A single model is sufficient since we care about the representation of each image across the layers of interest.

Thanks for the reply! I have one more question "Does the content and style image get encoded by same number of layers i.e (5 Style_layers +1 content_layer) 6 layers? "

When comparing the style of the generated image and the original style image, the style layers are considered. Similarly, when comparing the content image and the generated image, content layers are used.

1 Like

But in the programming exercise same layers are used to compute both encoding for content and style images

There is no set rule to select content and style layers. The closer a layer is to the model input, the generated image will look more like the content.

That said, you should follow the hints in the assignment to use the appropriate layers.
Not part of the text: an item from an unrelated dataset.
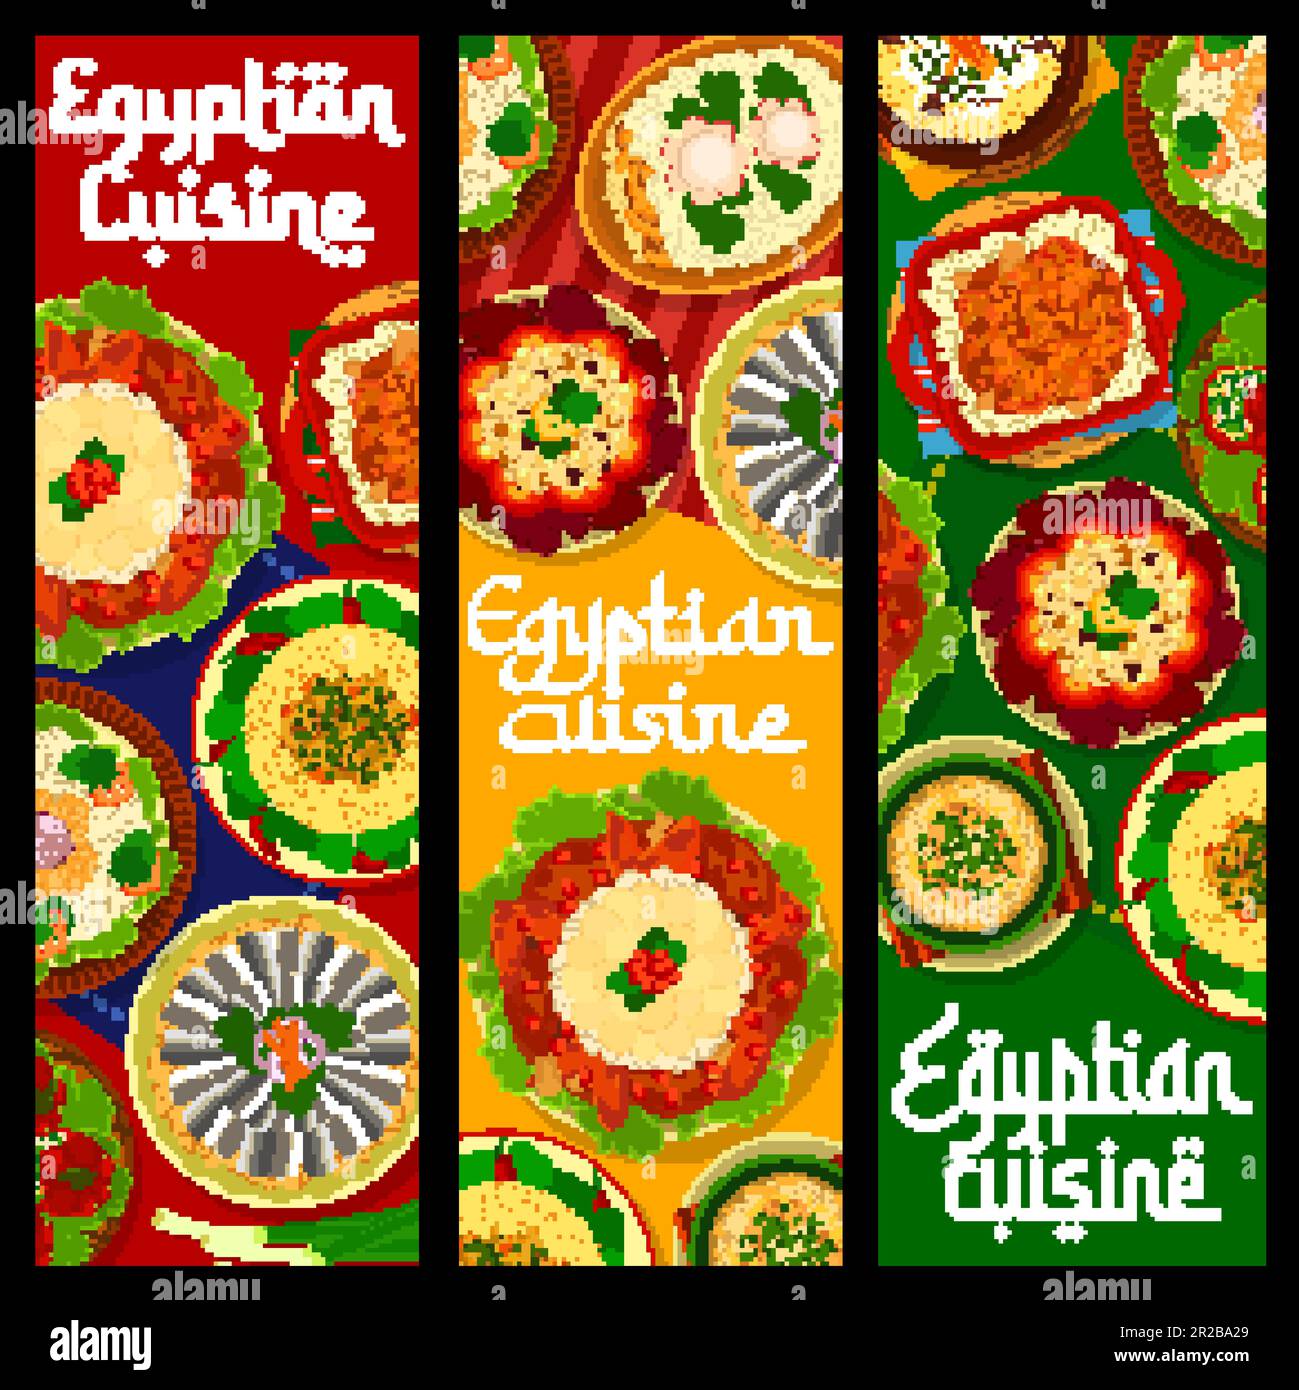 Egyptian cuisine restaurant meals banners, food dishes of Egypt restaurant, vector. Egyptian cuisine traditional lunch and dishes of rice, couscous and lentils with lamb meat, chicken and anchovy Stock Vector

In Programming exercise, why same layers are used for content and style encoding. That’s my question.

I agree that the way it is written could be considered a bit misleading. To figure out what’s really happening, you have to look more closely at the code. They compute all six layers for both the style and content images, but look at the logic in the compute cost functions. The style one uses all but the last layer and the content one uses only the last layer.

Can you share code or screenshot of the cost functions where specific layers are used?

It’s part of the template code that they gave you. Here is the beginning of the template code for compute_content_cost function:

    a_C = content_output[-1]
    a_G = generated_output[-1]

So it is treating both of those inputs as arrays or lists and is selecting the last element of each one along the first dimension, right? That’s what -1 means as a python index value: the last element in the list or array dimension.

With that in mind look at the beginning of compute_style_cost and you’ll see it select all but the last element. They even tell you what they are doing in the comments:

    # Set a_S to be the hidden layer activation from the layer we have selected.
    # The last element of the array contains the content layer image, which must not be used.
    a_S = style_image_output[:-1]

    # Set a_G to be the output of the choosen hidden layers.
    # The last element of the list contains the content layer image which must not be used.
    a_G = generated_image_output[:-1]

Maybe that first comment could use a little cleanup, but the combination of the two comments and the code should be pretty clear.

1 Like